» **Exercise requirements**
Set down the data below exactly; pictures stay out.

» **Collected material**
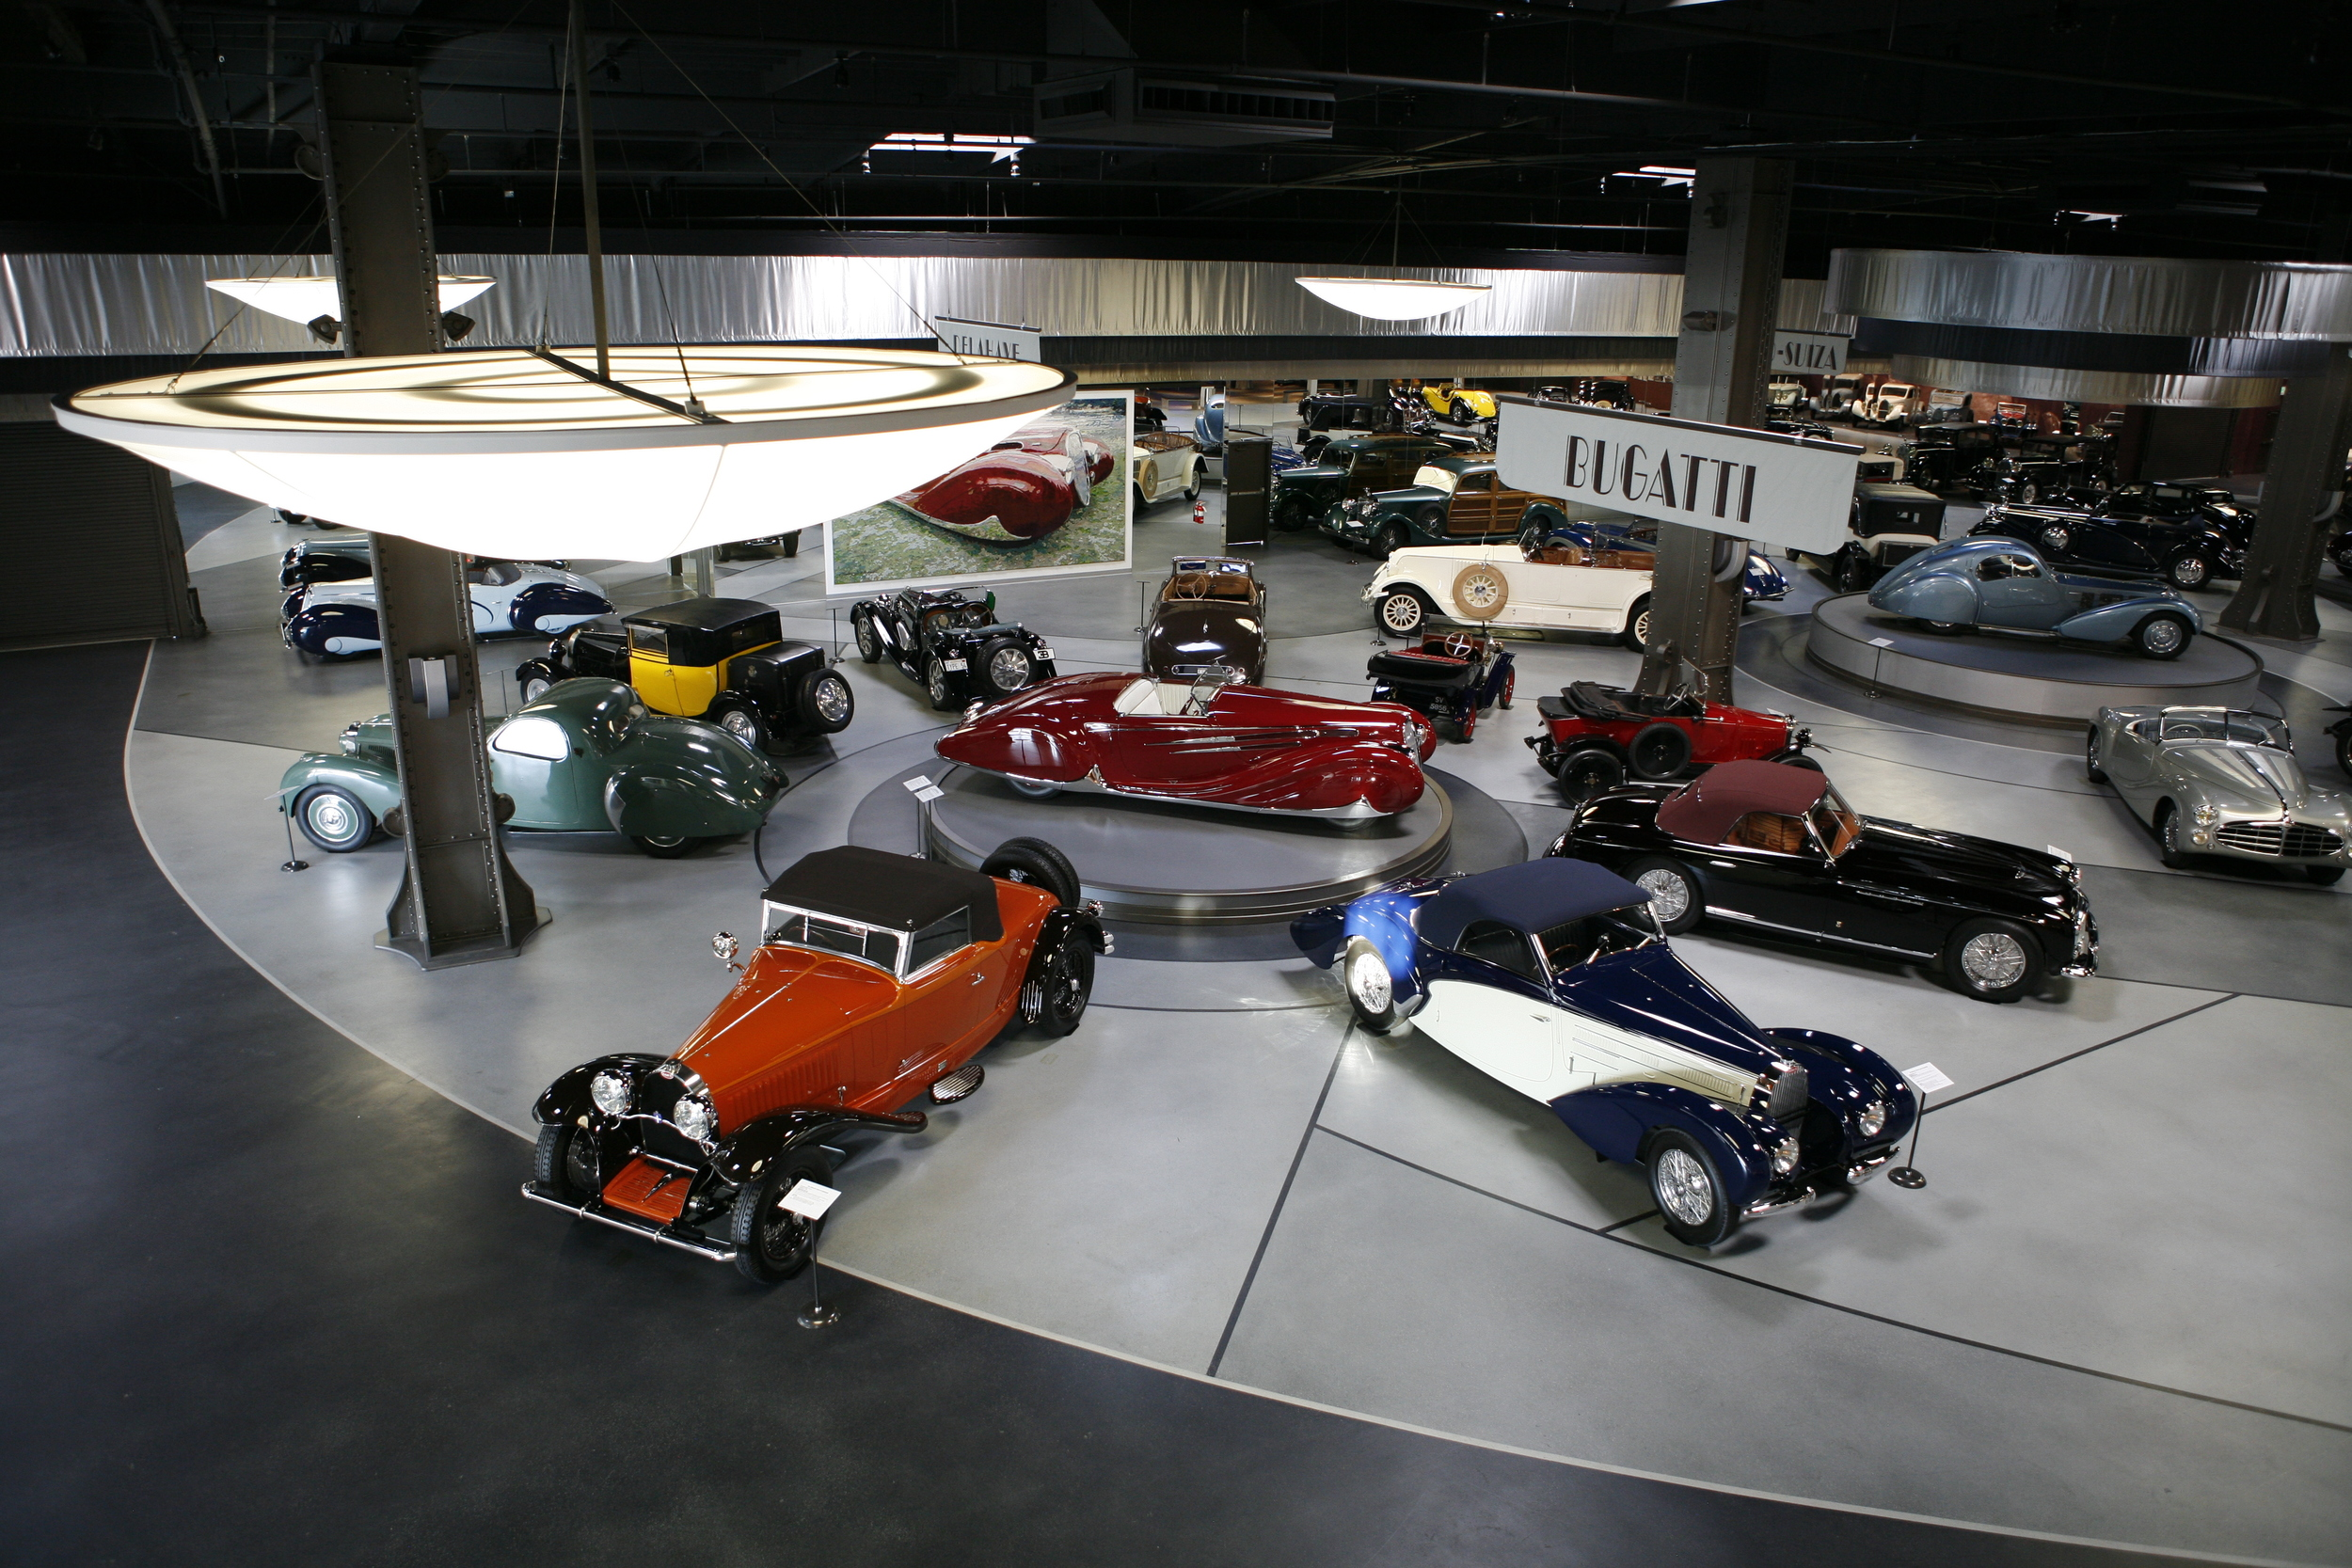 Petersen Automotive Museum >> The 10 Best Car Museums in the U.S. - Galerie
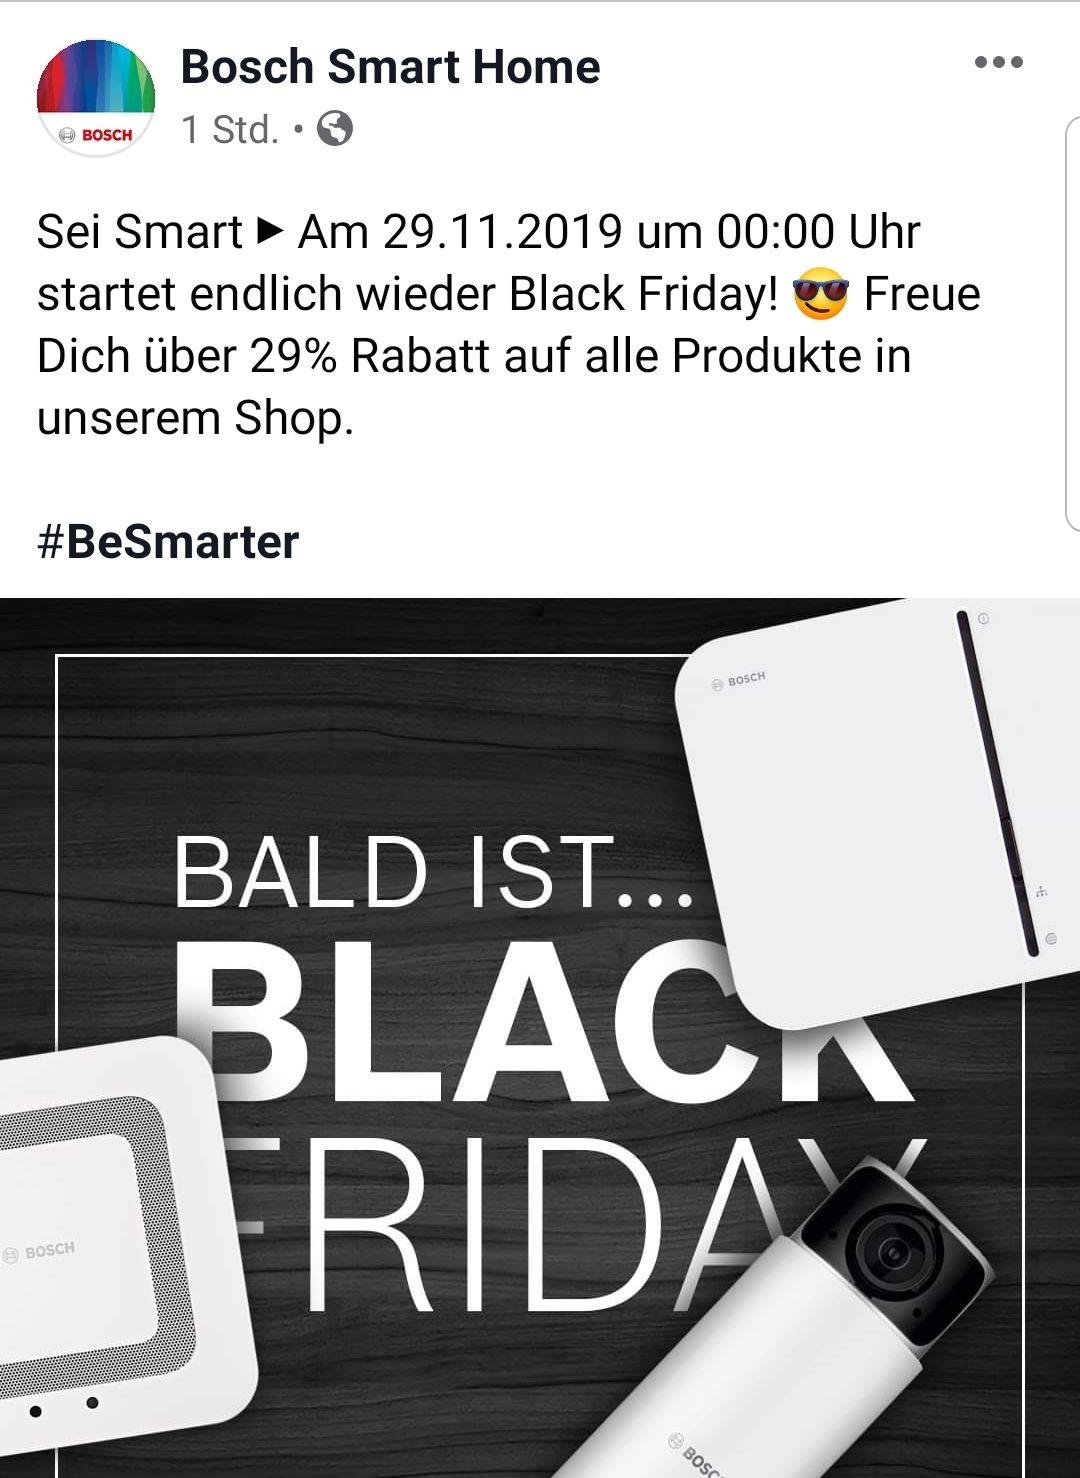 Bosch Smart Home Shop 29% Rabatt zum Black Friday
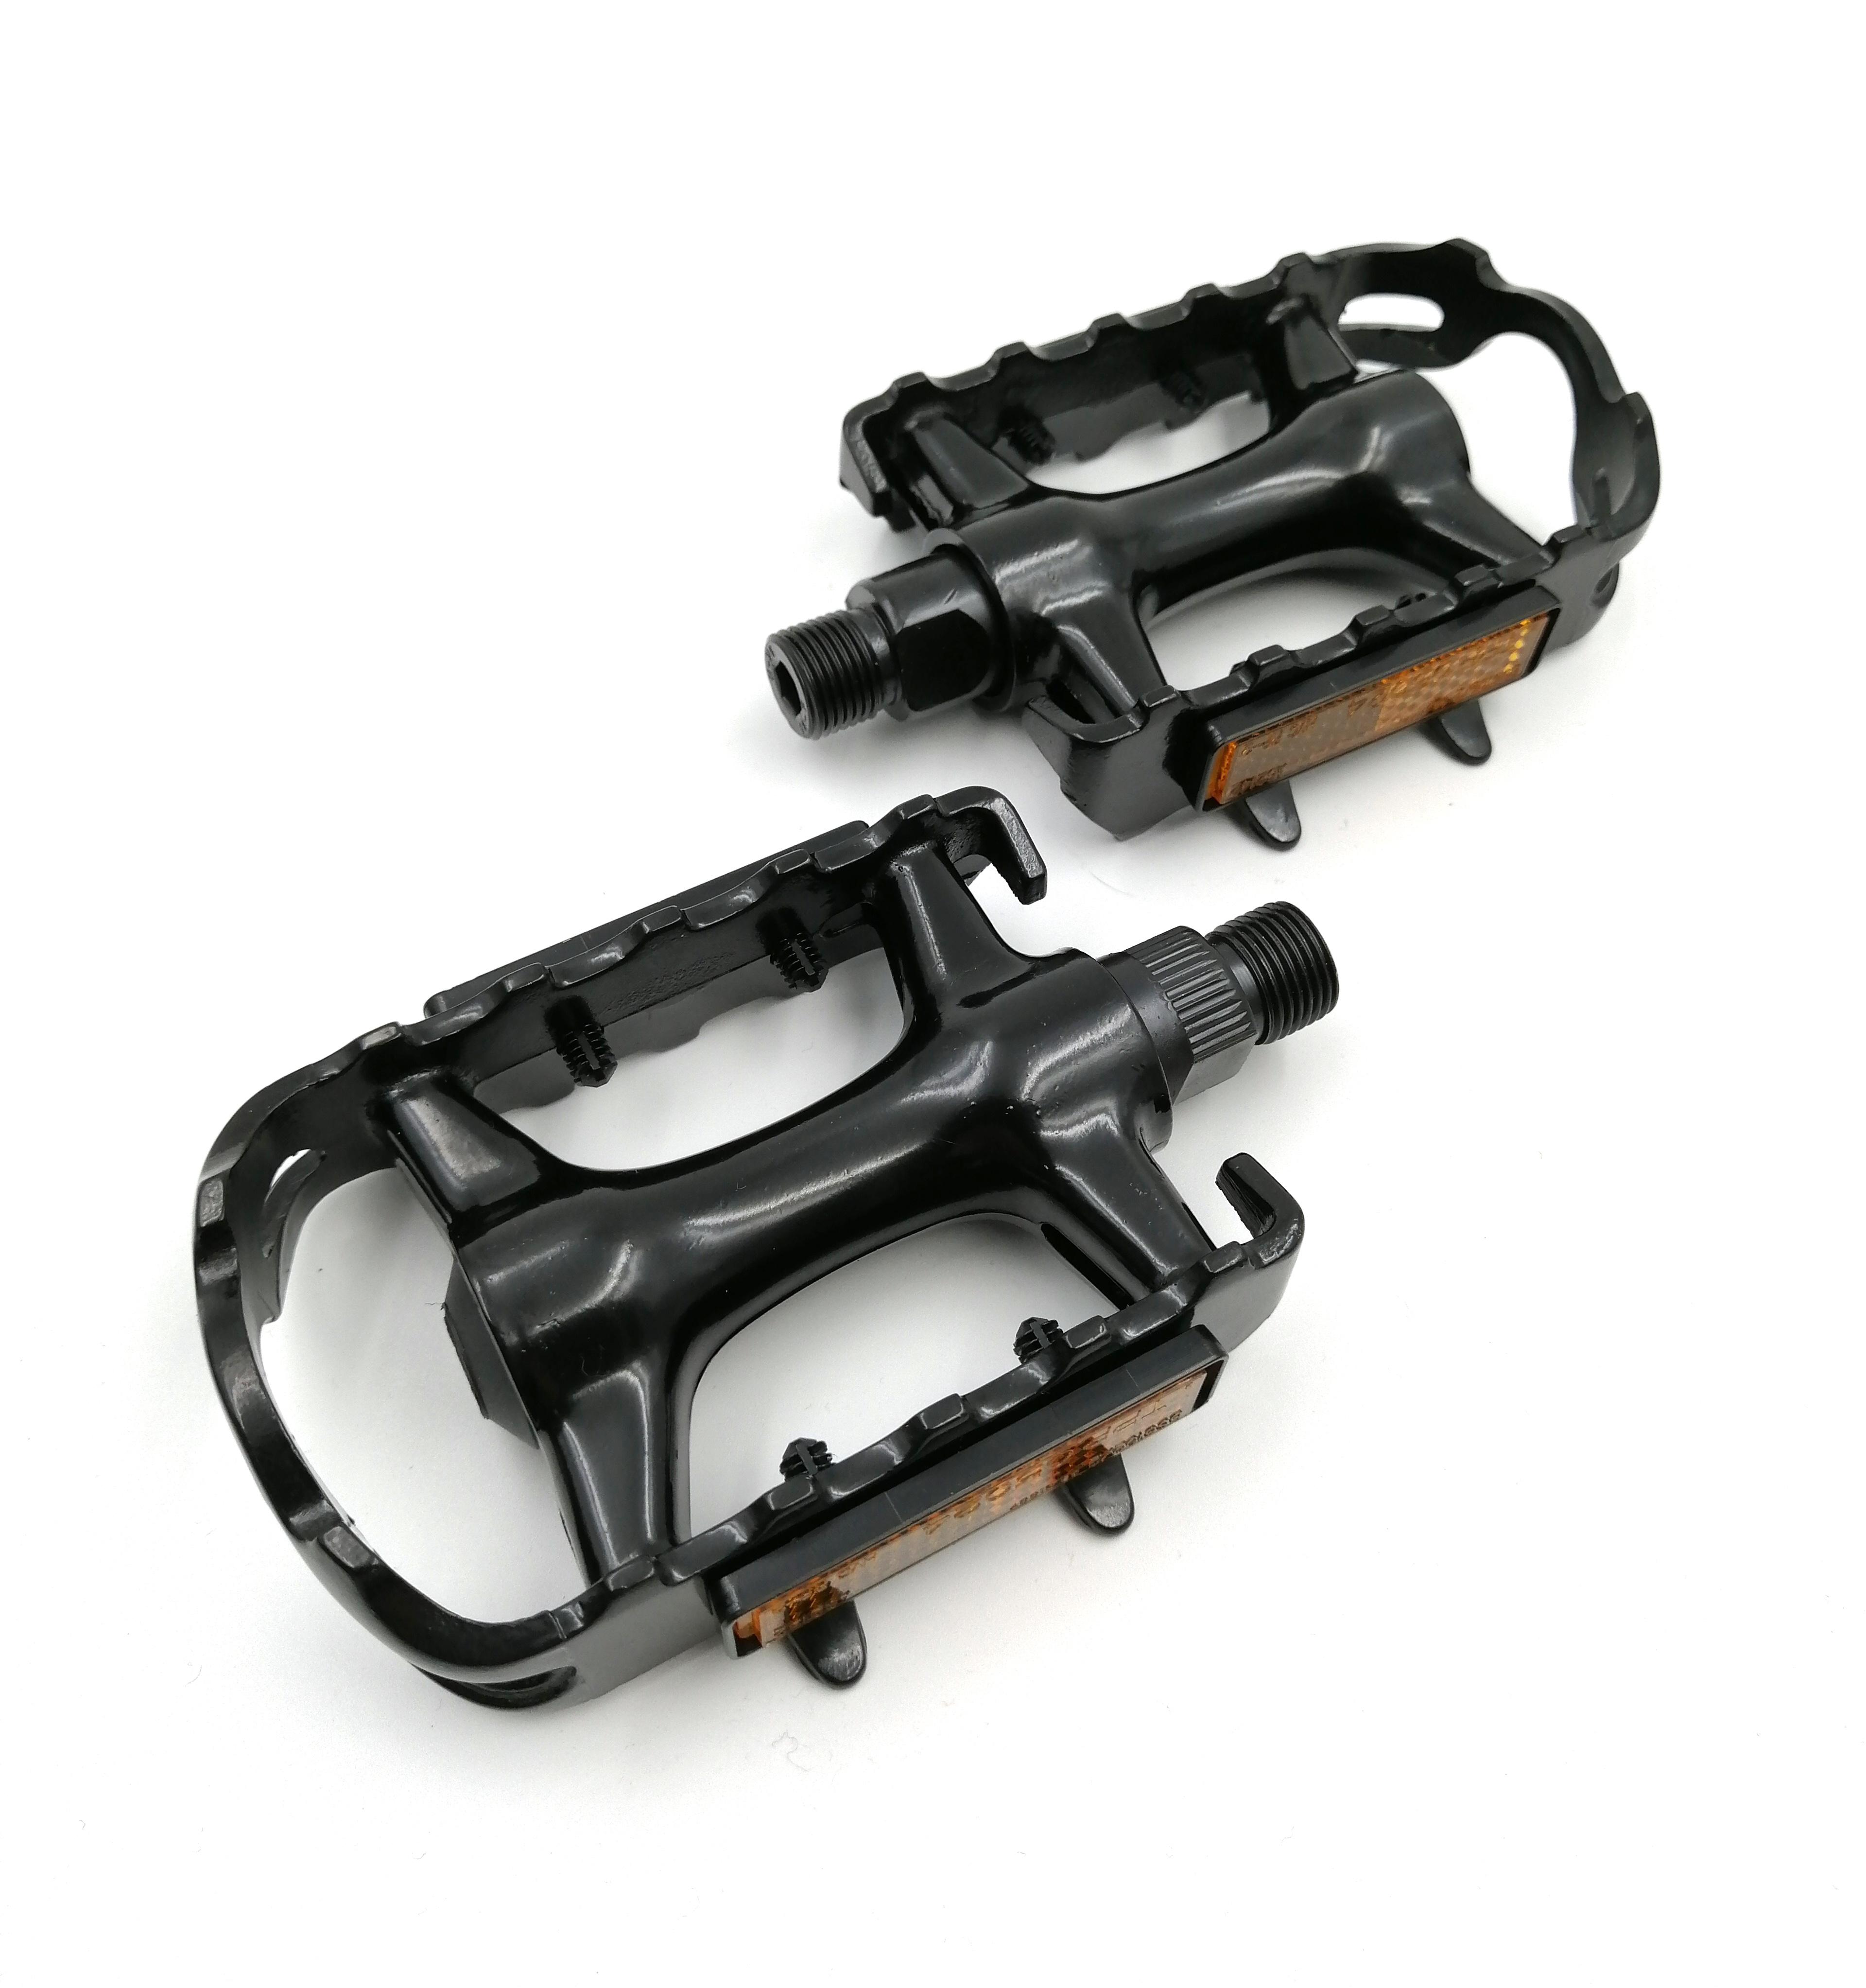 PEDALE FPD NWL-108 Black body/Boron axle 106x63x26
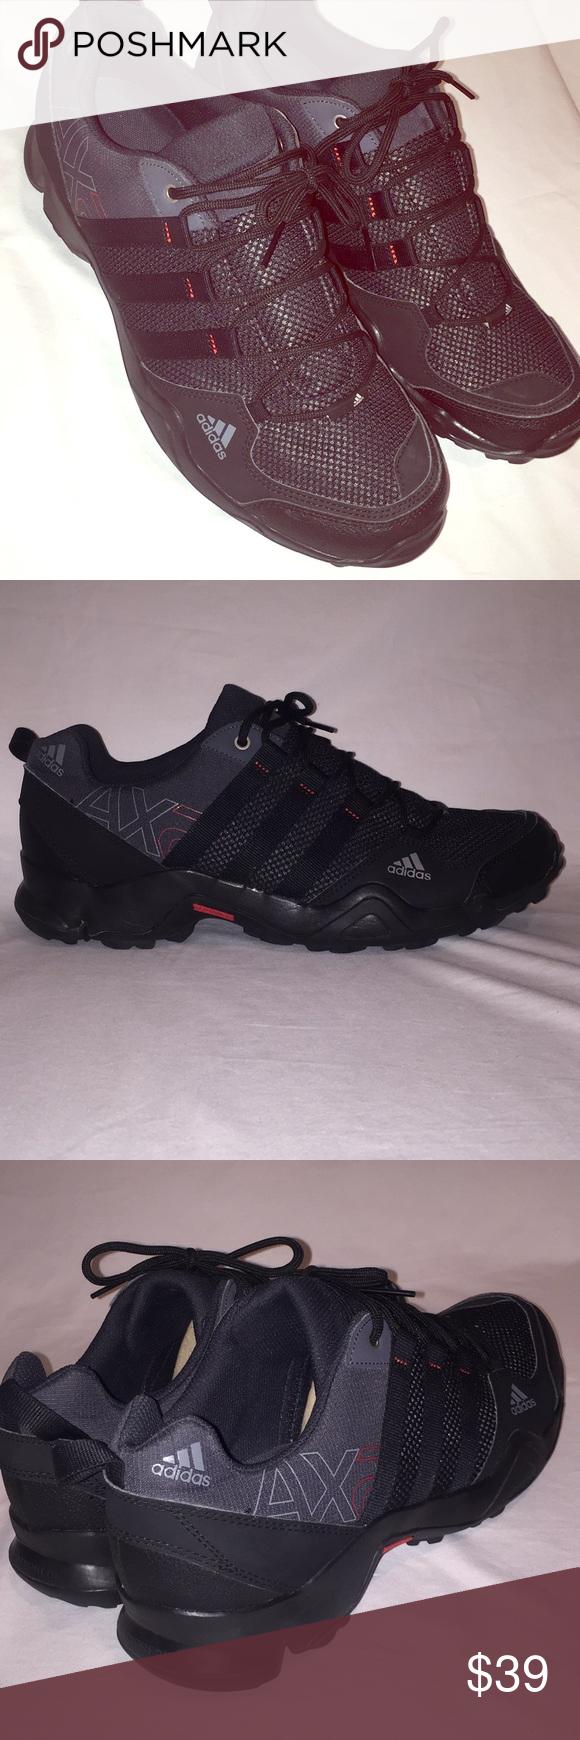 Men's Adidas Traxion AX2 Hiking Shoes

» **Task answer**
 Petersen Automotive Museum >> The 10 Best Car Museums in the U.S. - Galerie
 Bosch Smart Home Shop 29% Rabatt zum Black Friday
 PEDALE FPD NWL-108 Black body/Boron axle 106x63x26
 Men's Adidas Traxion AX2 Hiking Shoes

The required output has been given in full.